> TASK TO CARRY OUT
When you restate the data, keep every word as it is and drop the images.

> GIVEN DATA
=== Section Start ===

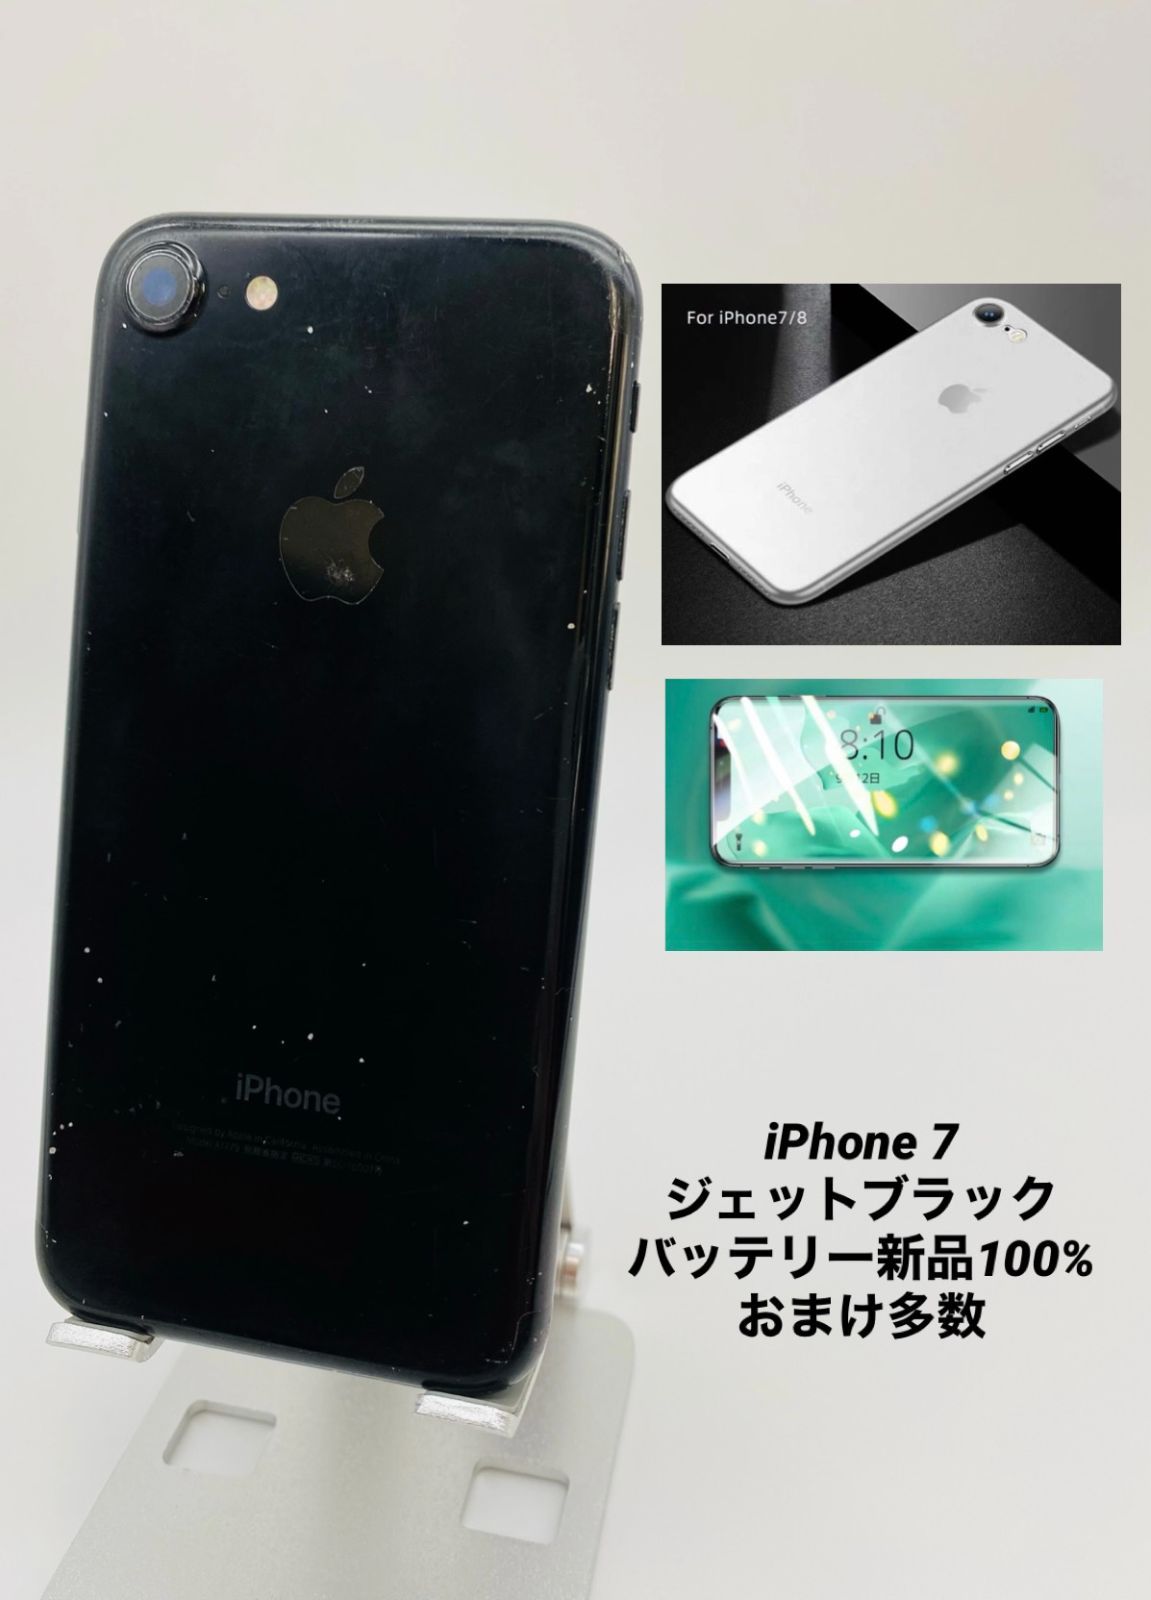 iPhone7 256GB ゴールド/シムフリー/大容量2300mAh 新品
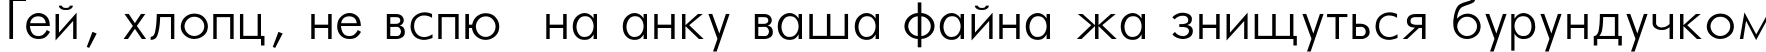 Пример написания шрифтом Futura_Light-Normal текста на украинском
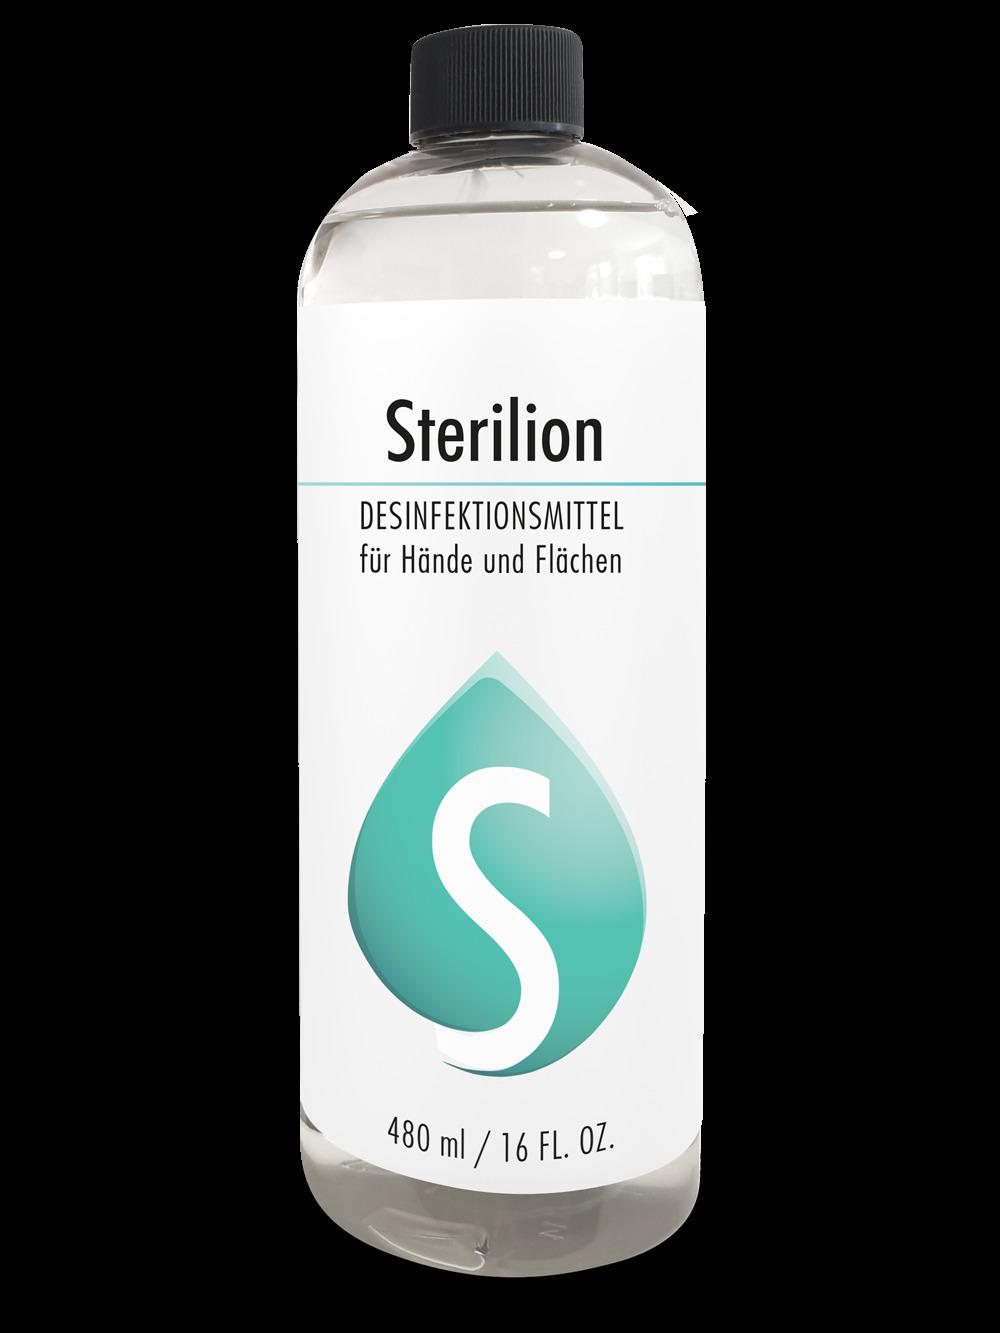 DESINFEKTIONSMITTEL Sterilion für Hände (auch für Flächen geeignet), 480 ml

=== Section End ===

> TASK ANSWER
 iPhone7 256GB ゴールド/シムフリー/大容量2300mAh 新品
 Пример написания шрифтом Futura_Light-Normal текста на украинском
 DESINFEKTIONSMITTEL Sterilion für Hände (auch für Flächen geeignet), 480 ml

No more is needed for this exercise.